Rigt now in this very moment I am missing you with every single bit of my being baby. My arms are developing the familiar ache I have felt since the day you died. My heart is splitting apart, and my breathe in running away from me. I need you so much right now, and all I can do is cry...tears for my son who will never come back to me. I wish I ddn't have to write in this blog...I wish I had your sweet little body and soul here with me. I am falling apart Phoenix, and I wish I could just be with you one more time. How am I going to make it through this life without you...it just seems so hard. People keep telling me it will get better, but n moments like these I feel like it never will be. I'll never ge to hug and kiss you, or play with you, or walk with you, eat with you, dance with you, sing with you, write with you, smile with you cry with you laugh with you, hope with you, dream with you, dress you, feed you, fight with you, swim with you, shop for you, travel with you, paint with you watch the ocean with you...be with you. EVER!!!! I'm so hurt and angry I can't take it sometimes. NOTHING WILL EVER BE RIGHT AGAIN! NOTHING!

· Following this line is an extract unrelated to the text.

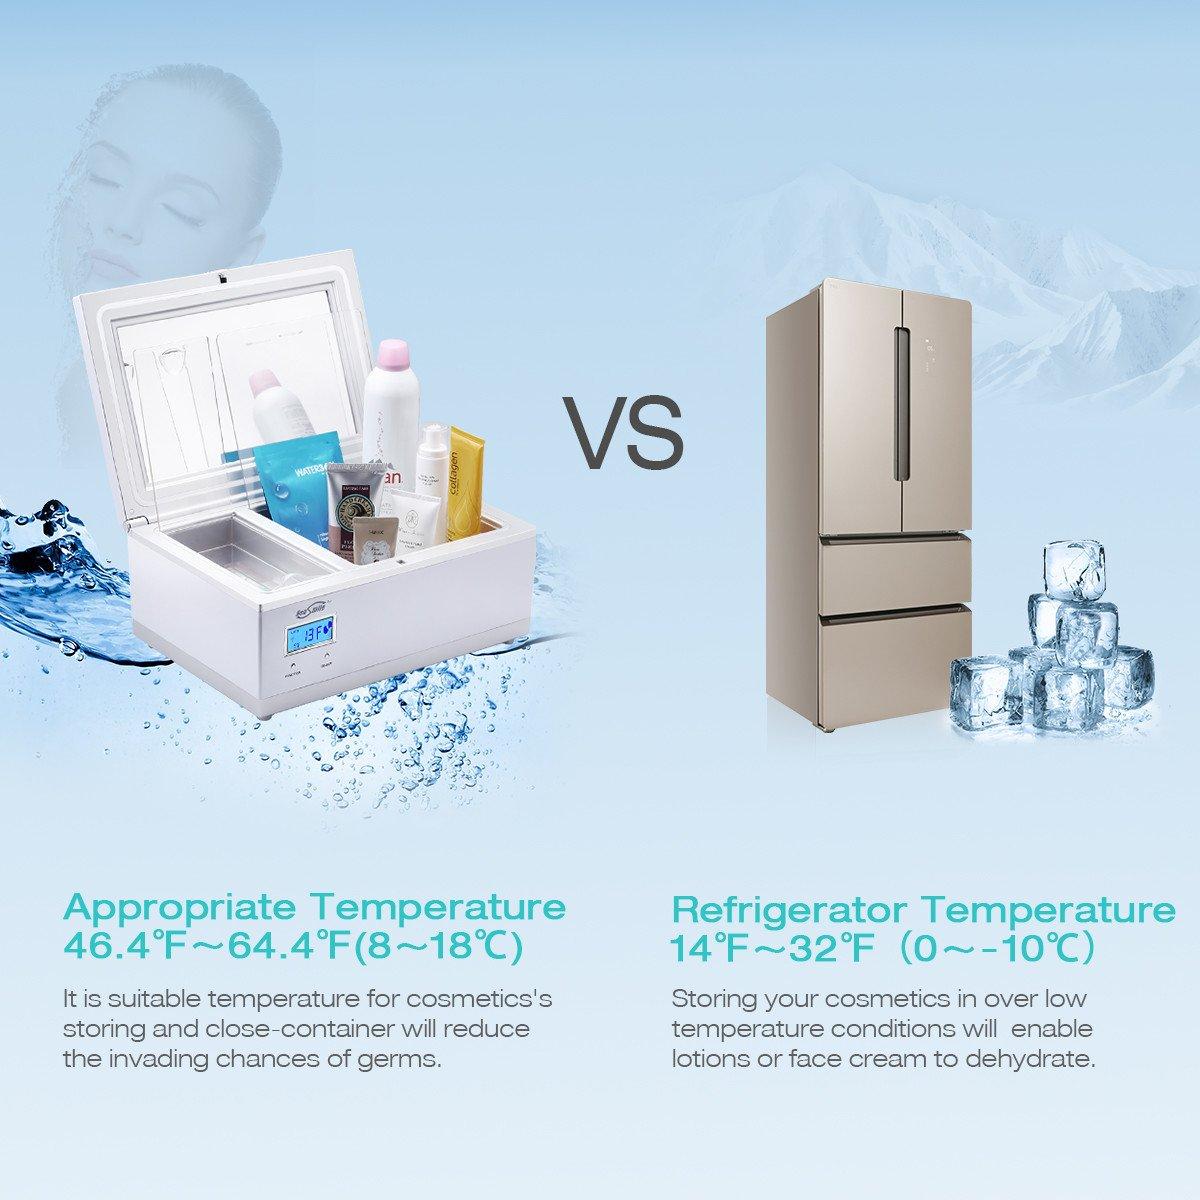 Mini Fridge, Housmile Electric Cooler Mini Refrigerator Thermoelectric Cosmetic Small Fridge for Eye Cream, Facial Mask, Eyeliner, Skin Cream, Organic Cosmetics, 0.1 Cubic Feet(3 Liter) by Housmile (Image #2)

I feel so robbed...I feel so robbed.
I'll never forgive myself for listeing to that doctor. I'll never trust anyone again. I did and it cost you your life.
My sweet littel Phoenix please don't forget about me, I think about you every moment of everyday. You rule my mind and heart. How can life be right again...how can I be right again.
It's been six months since you passed away baby...a haltf a year without you. You should be here baby...you should be here with us. I love you will every single fiber of my being.